The America Bernie Sanders Revealed Will Not Go Away

Bernie Sanders quit the presidential race on April 8 before formally endorsing the leading candidate, Joe Biden, a few days later. Several commentators in the mainstream U.S. media, and on a much smaller scale in Quebec, have criticized Sanders for staying in the race too long, whether out of pride or self-deception. They also exaggerated his popularity, his influence and the influence of his supporters. Along with the Democratic Party establishment, they all sided with a candidate deemed safer and less radical.

Rather than listing the strategical errors or weaknesses of candidate Sanders, it is more interesting to inquire into what brought him to the forefront of the American political scene over the course of the last five years. We don’t stress nearly enough the extraordinary nature of his breakthrough into the bastion of capitalism. The idea that a socialist, or, more correctly, a social democrat, could aspire to the presidency of the United States is unprecedented in the history of the country, with the possible exception of Democratic candidate George McGovern in 1972.
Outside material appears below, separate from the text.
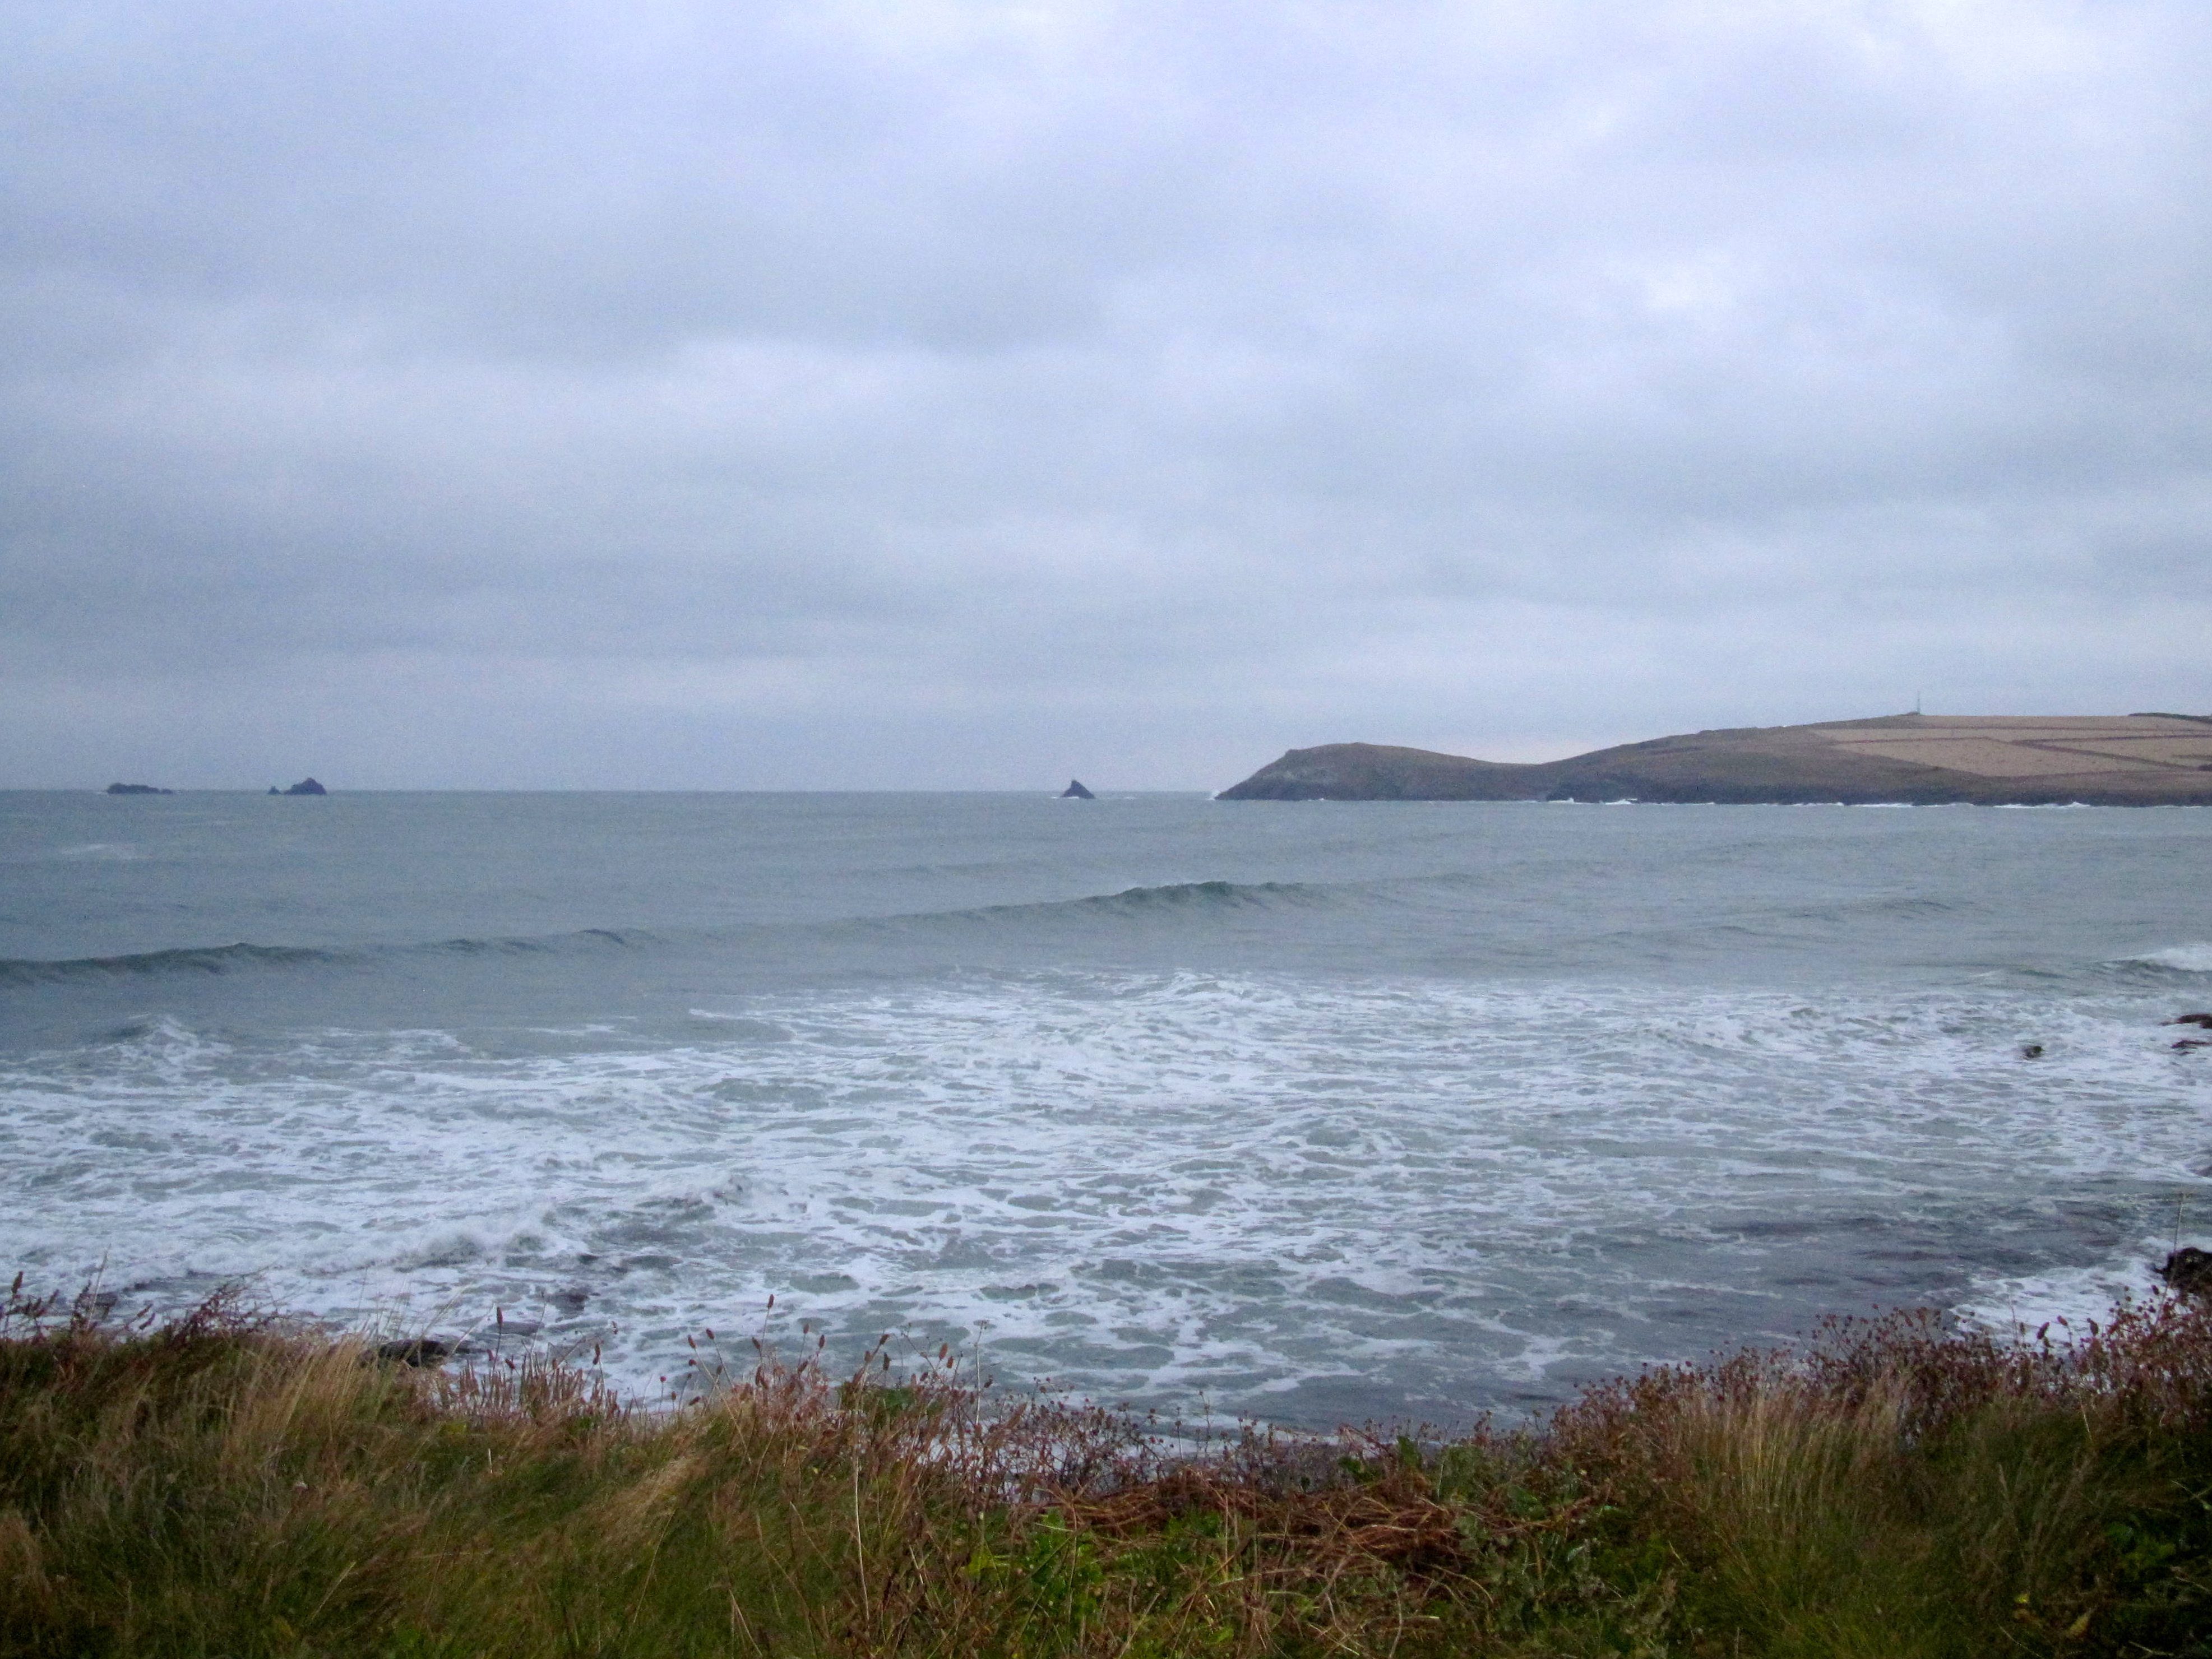 Surf Report for Wednesday 27th August 2014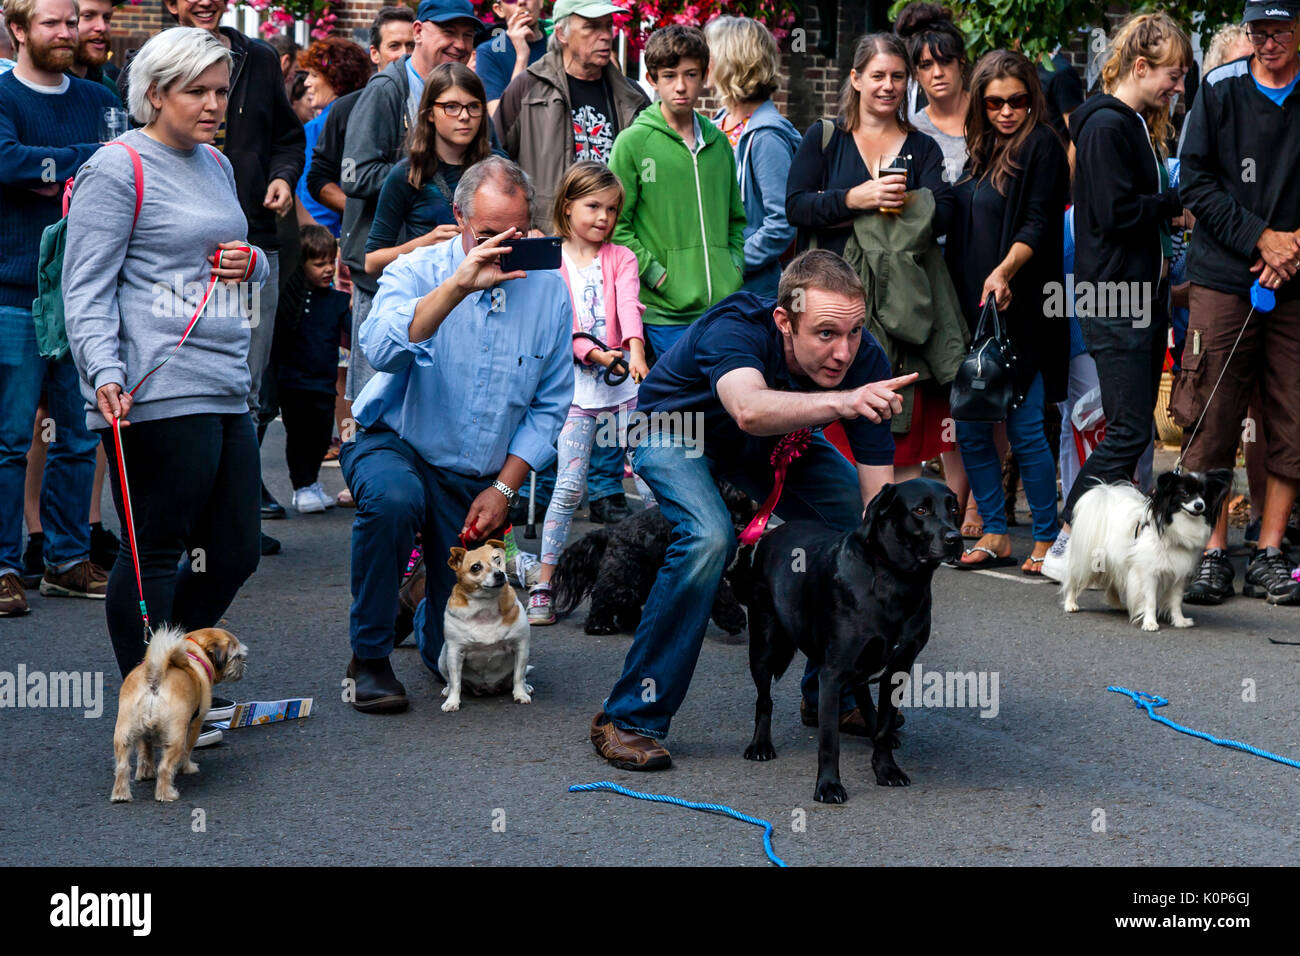 Dogs Compete In A Dog Show  At The Annual South Street Sports Day and Dog Show, Lewes, East Sussex, UK Stock Photo

Fundamentally, the emergence of “Bernie” is the expression of a dull anger, of an impatience increasingly shown toward half-measures and abstract principles unaccompanied by real substance, such as binding measures that would force a more equitable division of resources without regard to socioeconomic class, race or gender.

It also speaks to exasperation with a permanent political class that is draped in the virtues of bipartisan compromise and civility, but which, like Bill Clinton, has gutted social programs, eliminated important parts of financial regulation, and encouraged mass incarceration; or, as Barack Obama did, has favored mass deportations, ordered drone attacks, and bailed out the large financial institutions that caused the 2008 crisis; or even, as Biden did, voted for the invasion of a foreign country, Iraq, for false reasons.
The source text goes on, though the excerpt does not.